(Collected data entries)
Segment Open

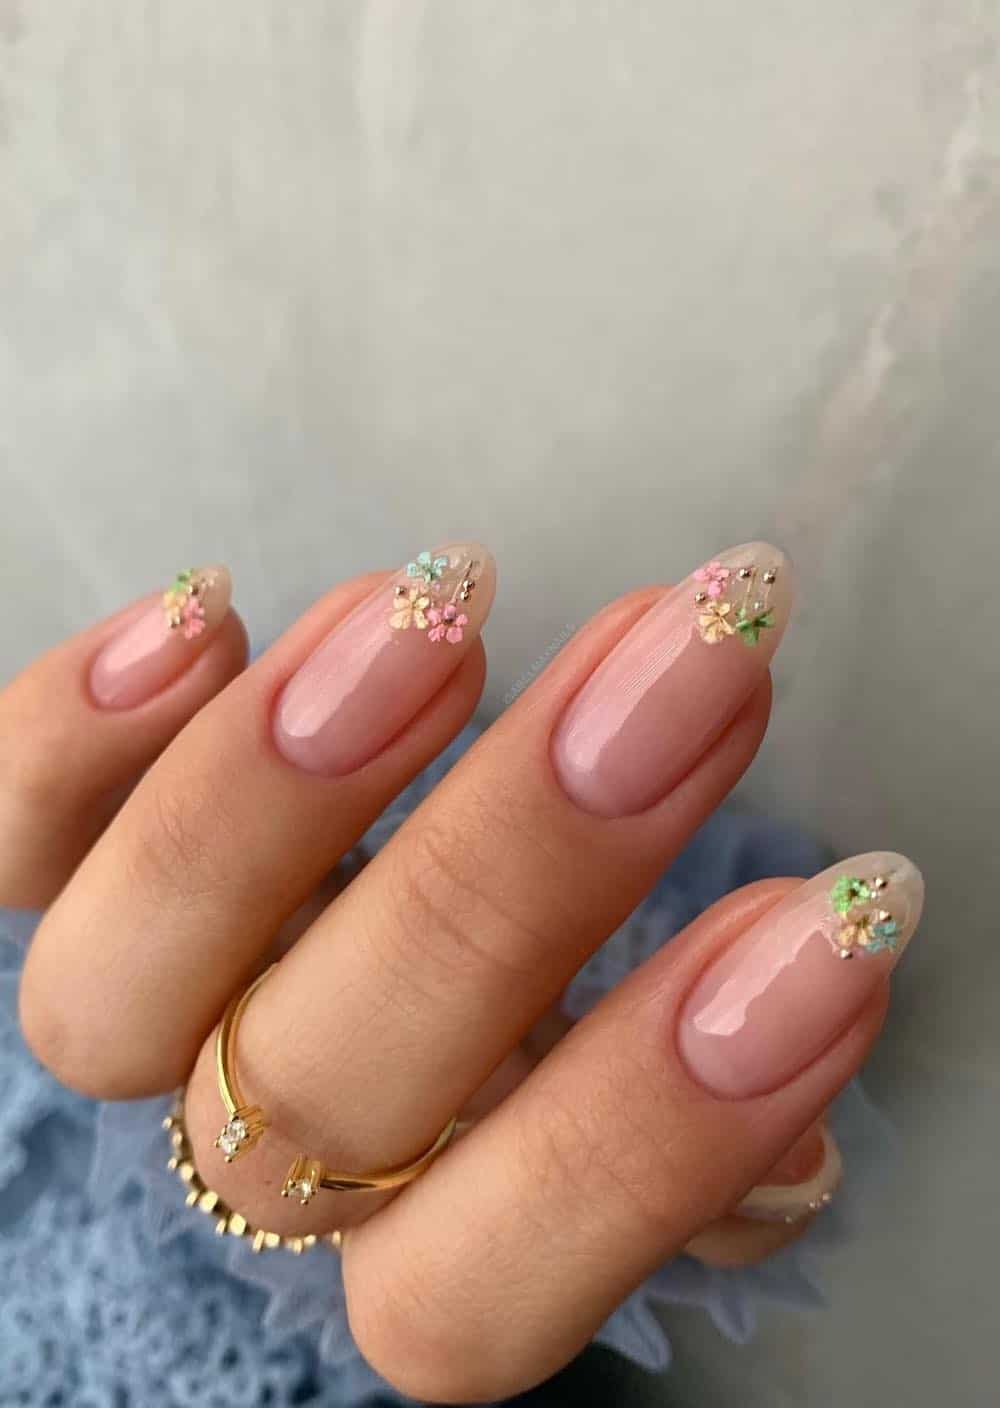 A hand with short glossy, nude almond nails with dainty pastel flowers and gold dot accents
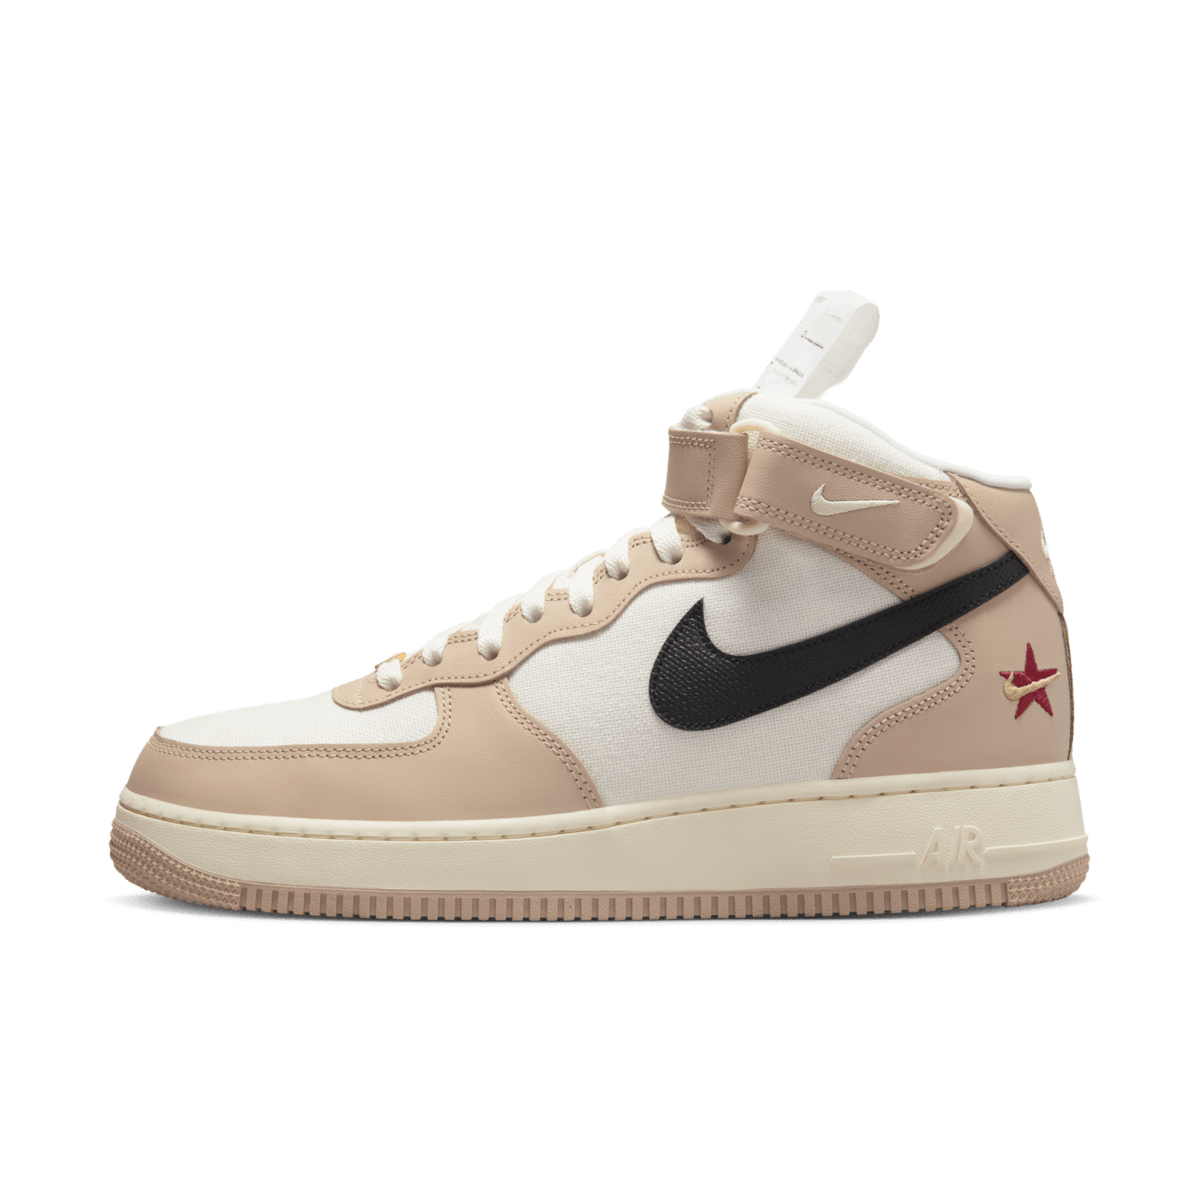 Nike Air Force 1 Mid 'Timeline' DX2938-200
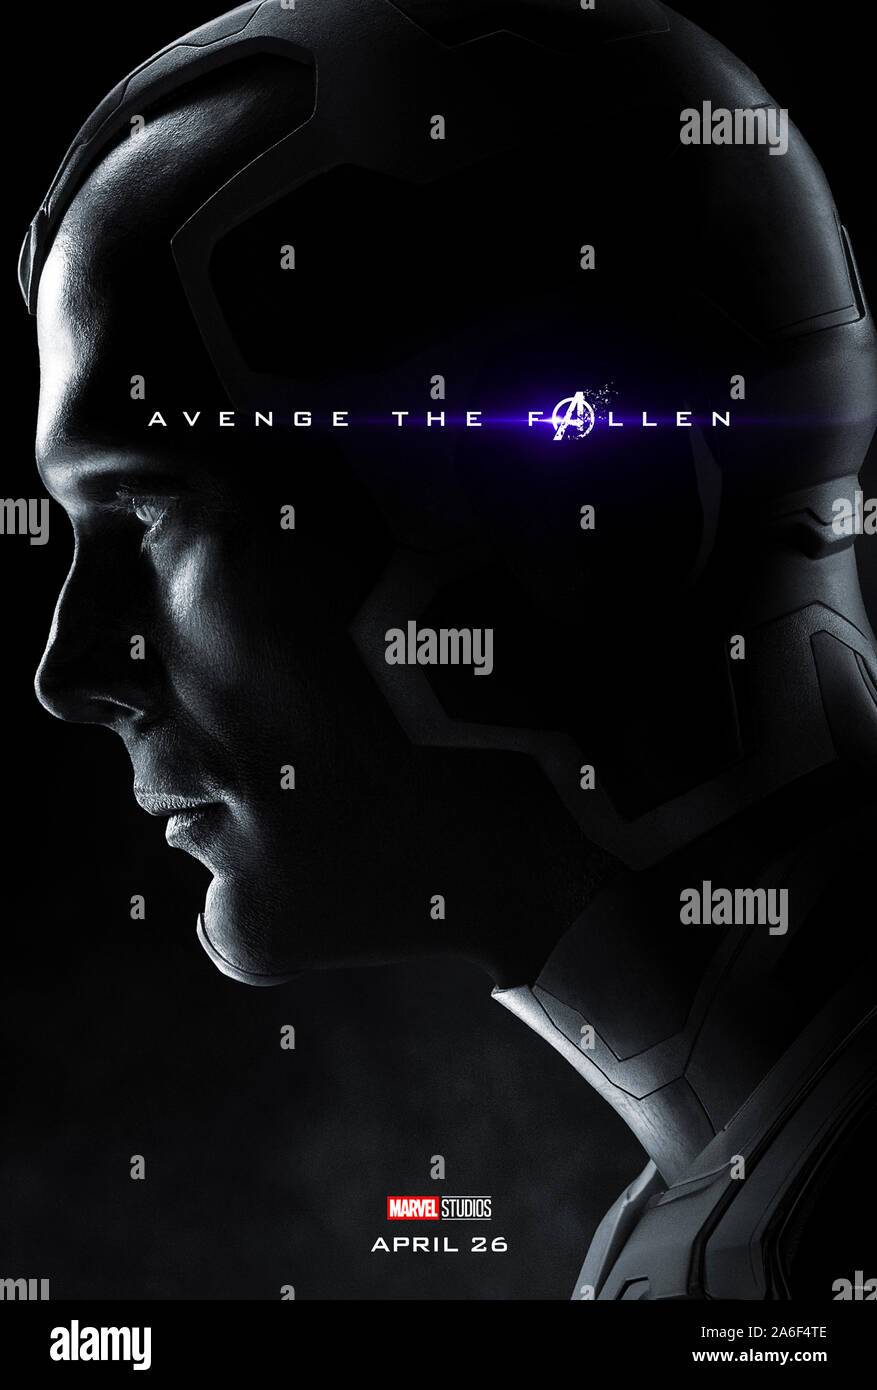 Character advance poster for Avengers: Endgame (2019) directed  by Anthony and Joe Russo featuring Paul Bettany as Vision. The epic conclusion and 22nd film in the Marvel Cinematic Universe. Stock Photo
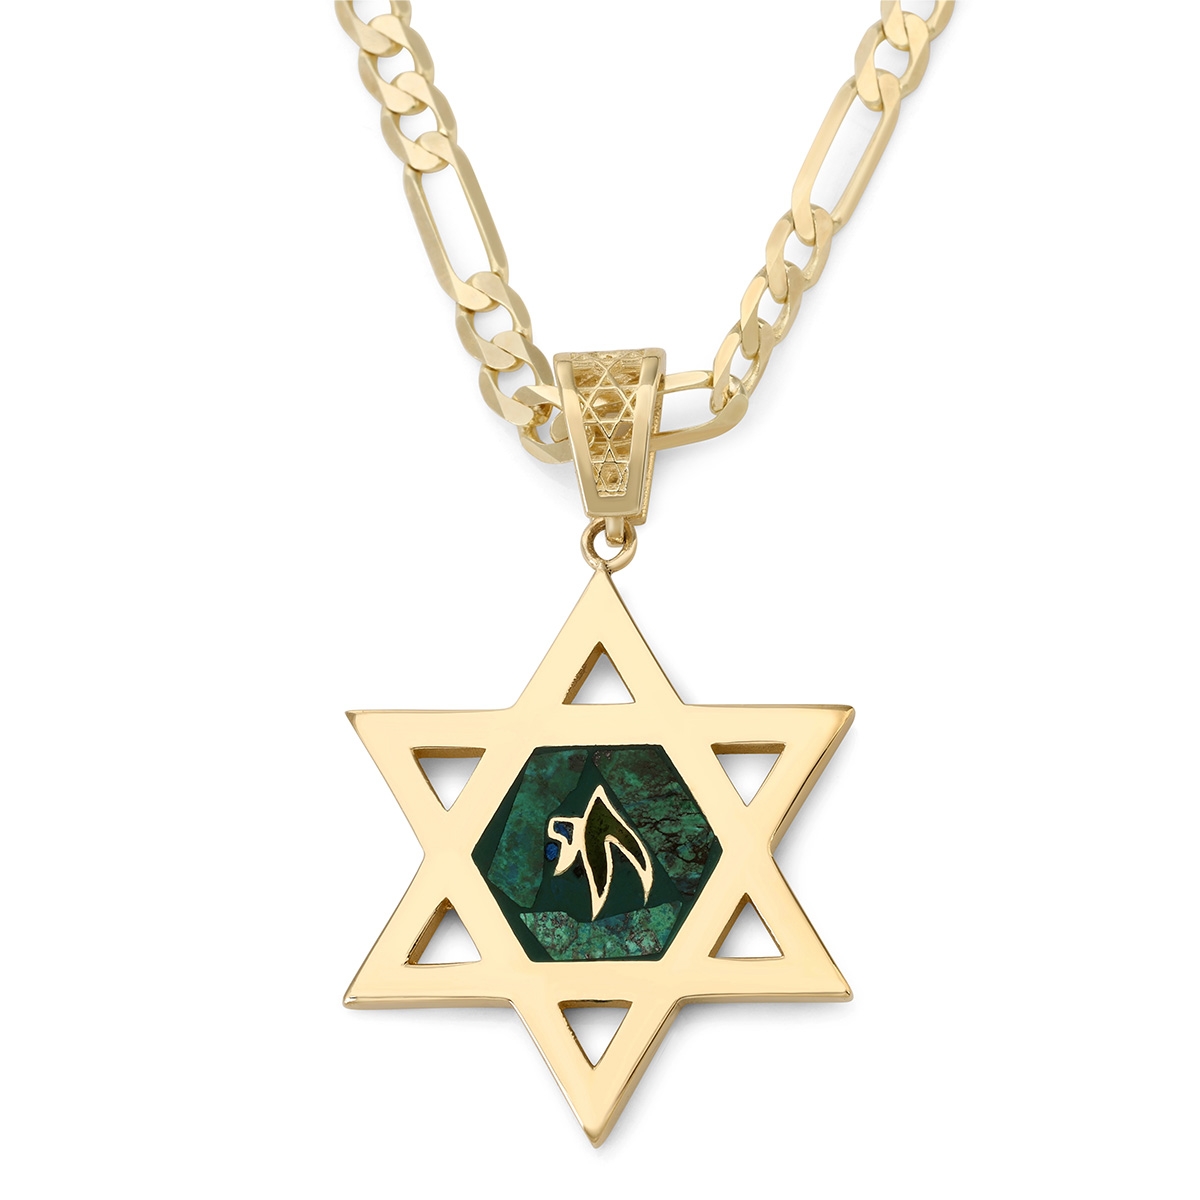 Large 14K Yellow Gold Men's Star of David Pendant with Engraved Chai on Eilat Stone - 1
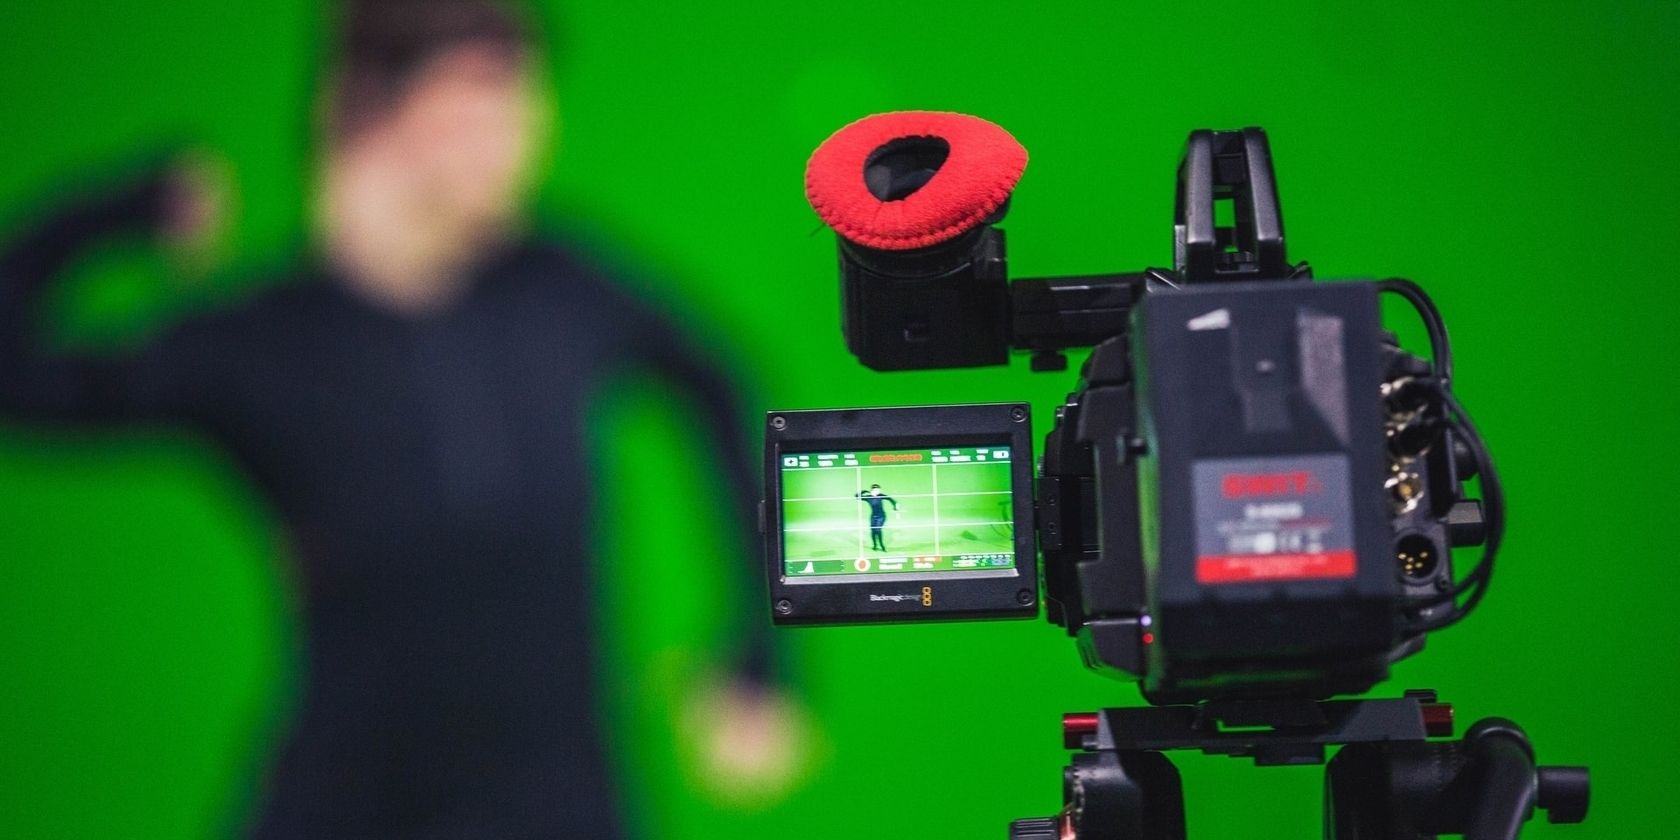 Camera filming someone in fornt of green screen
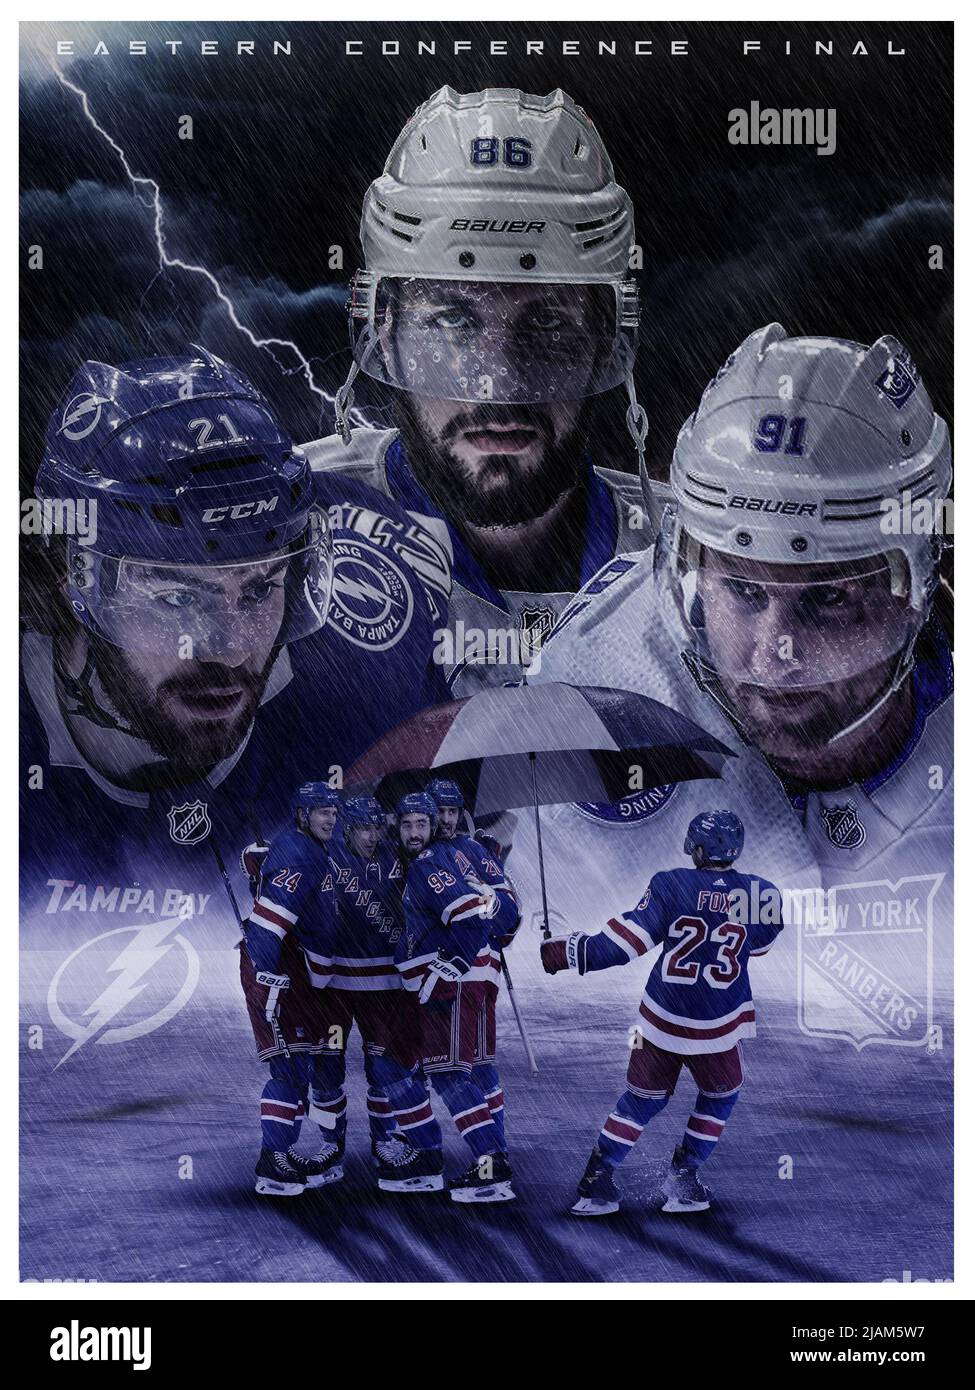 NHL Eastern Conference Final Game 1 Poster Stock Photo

Segment Closed

■ **WHAT YOU ARE ASKED TO DO**:
Will you restate every entry word for word and omit the images?

■ **SOLUTION TO THIS EXERCISE**:
 A hand with short glossy, nude almond nails with dainty pastel flowers and gold dot accents
 Nike Air Force 1 Mid 'Timeline' DX2938-200
 Character advance poster for Avengers: Endgame (2019) directed  by Anthony and Joe Russo featuring Paul Bettany as Vision. The epic conclusion and 22nd film in the Marvel Cinematic Universe. Stock Photo
 Large 14K Yellow Gold Men's Star of David Pendant with Engraved Chai on Eilat Stone - 1
 Camera filming someone in fornt of green screen
 NHL Eastern Conference Final Game 1 Poster Stock Photo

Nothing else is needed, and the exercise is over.